I'm helping my friend's band book a tour, and as excruciatingly painful as it can be, I'm doing it because I'm an aspiring booking agent. Now I'm not helping a band lucrative enough to even need an agent, nor am I the “CEO of Spanky Nuts Agency.” I'm just a friend who is helping his friends book a tour, and that consists heavily of finding bands from other areas who want to share a bill with them.

I still have a whole lot to learn about it, as this is the first tour I am booking. My questions to you are the following:

1. Am I doing something wrong?

2. What should I do as an aspiring agent?
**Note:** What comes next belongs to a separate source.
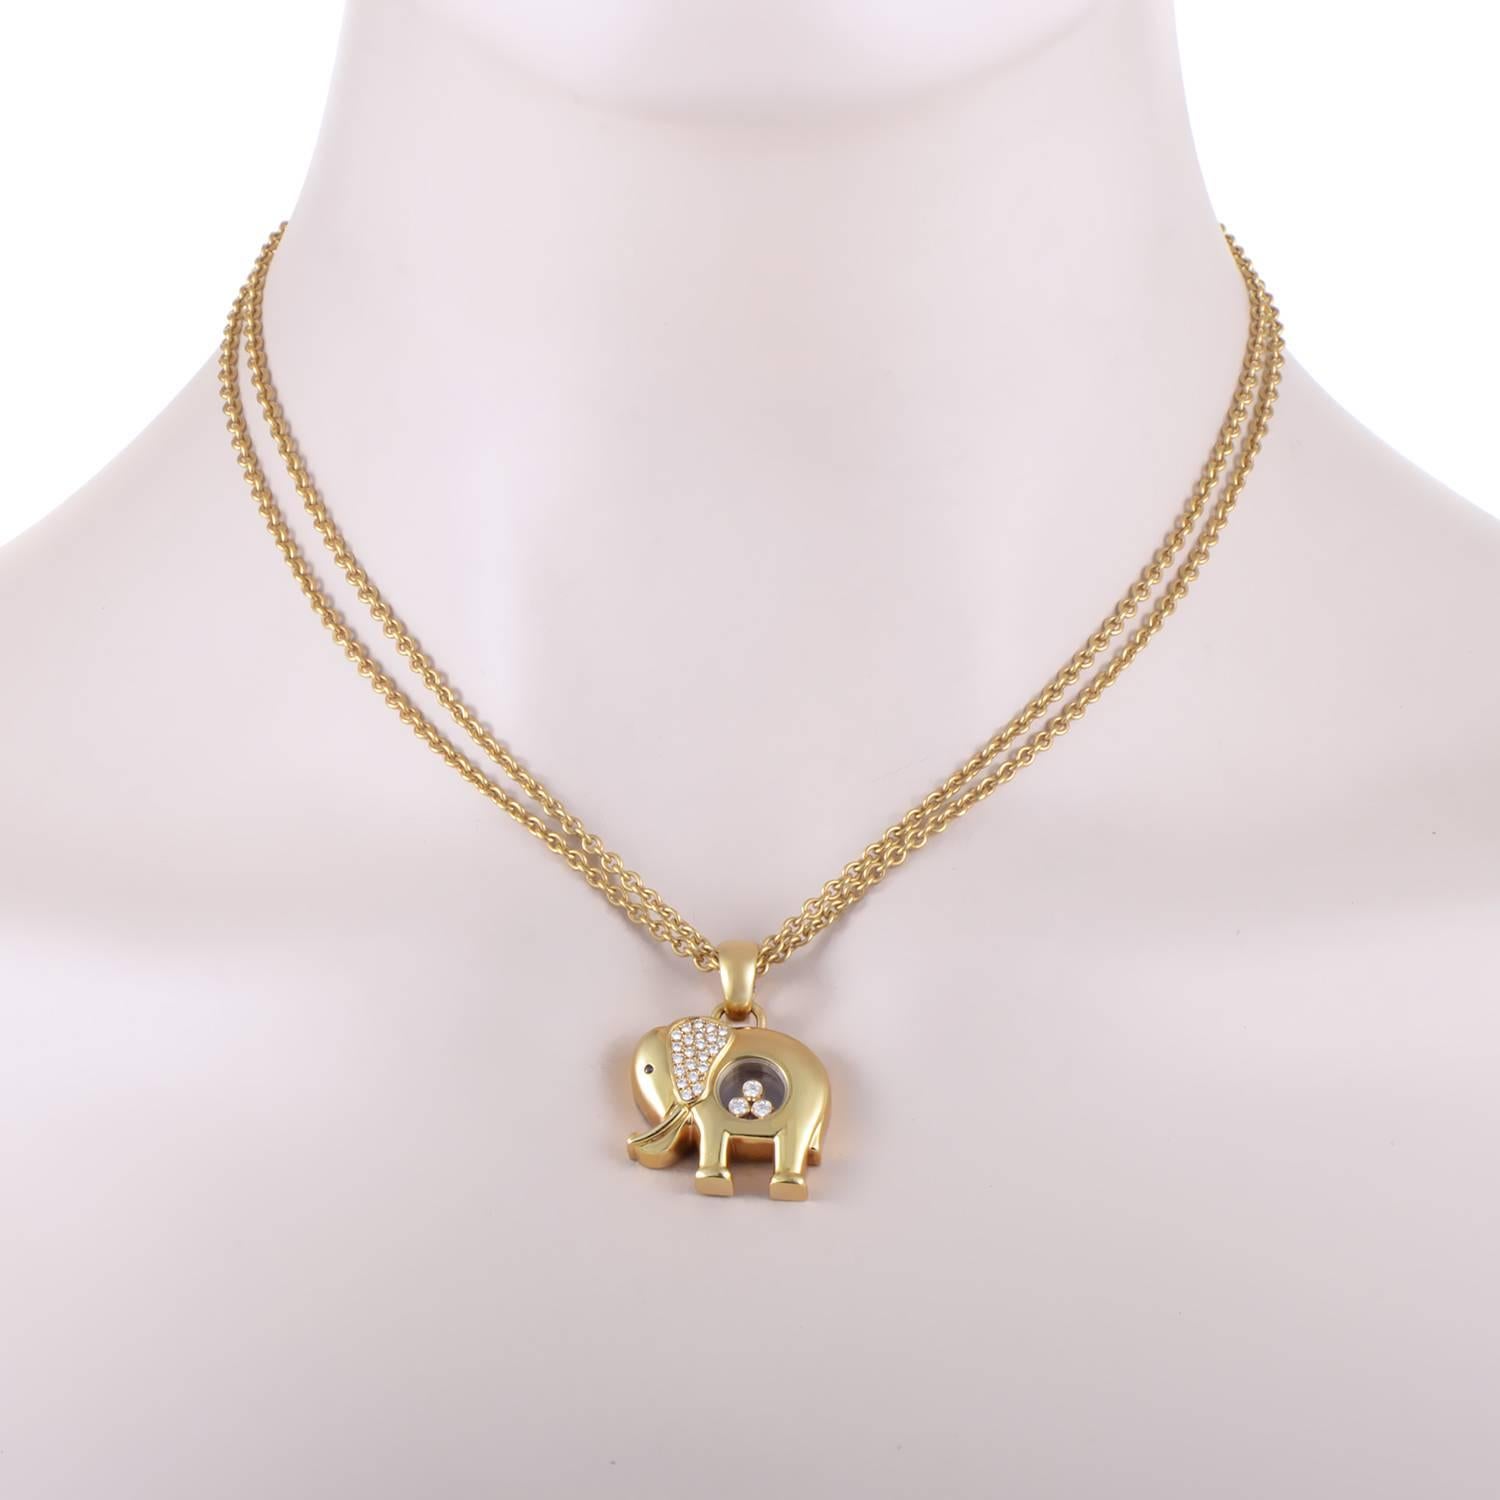 With the instantly recognizable feature of three engaging wandering diamonds and the ever-charming form of an elephant as the pendant, this fantastic necklace from Chopard is made of gleaming 18k yellow gold and embellished with a total of 0.35ct of

3. When is the right time for a band to have an agent?



Dear Garrett,

Heck no, Garrett! You are doing something all the way right! Perhaps you were concerned that you are impeding your friends career by helping them “too early” after last week's letter–but don't sweat your technique. You and Your Friend's Band (YFB) are actually doing something I often suggest, and it sounds like you are doing it collaboratively, for mutual benefit. So A+ for Teamwork.

Booking is one of those music industry jobs that you can really only learn by doing. It sounds like YFB have the tour routed and confirmed and you are doing some of the hustle, which is putting together support/headliners. This is crucial work if you want a successful tour and want to make the show promoters happy. Self-booking a tour can be a full time job, especially if you are a baby band, which is to say lucky to get a second billing on a Monday night at a downmarket wine bar in Fayetteville.

An unsigned local band at that level is not usually a hot prospect for an established booking agent, because most people are not interested in the Sisyphysian task of establishing a band's live career and making 15% of $20 for doing so. If you can't get on a tour with a more established or connected band, you have to book yourself, and wisely, YFB has outsourced some of the burden of this tour to you. And while you are a newbie, you are clearly energetic and eager and have an some stake in the outcomes here. Small bands write in every week about their inability to draw the attentions/help of someone bigger to help them access “the next level”–when bands could be building a grassroots team, or at least temporarily employing an eager friend who wants the experience.

What should you do? Pay attention (so you only make horrible mistakes once or twice), be organized (get a binder/do spreadsheets/make a little database), be honest with everyone so there aren't unrealistic expectations, ask for help when you need it, be easy to get ahold of, be concise in your communication, be persistent, creative and reliable. They are your friends but make sure you represent them in a professional manner. Don't be a dick to anyone–but don't be a doormat either. Booking is a world where everyone is harried and effusive, seemingly, at all times. Don't take it personally.

Your work with YFB is kind of an internship. Make yourself indespensible; fill the space that needs to be filled and you will find yourself with a job. Maybe not with this band quite yet, but if you are useful–if you are better at this than bands who don't have the time or skills or connections, people will hire you. See if you can't network your way into doing another two or three tours on a help out basis for free/a small fee (no commissions) and then start putting the word out and approaching bands that you like who have a moderate draw and are not assholes.

Lastly, why not be the CEO Of The Garrett's Hot Nuts Agency LLC, effective right now? Put it in your email signature and give yourself a title that indicates, yes, you are the boss (“Agent–GHN Agency”). It's not an upsell, dude. You are the founding agent of your agency, this tiny thing you are doing is building it. Get that shit off the ground and get business card official with it.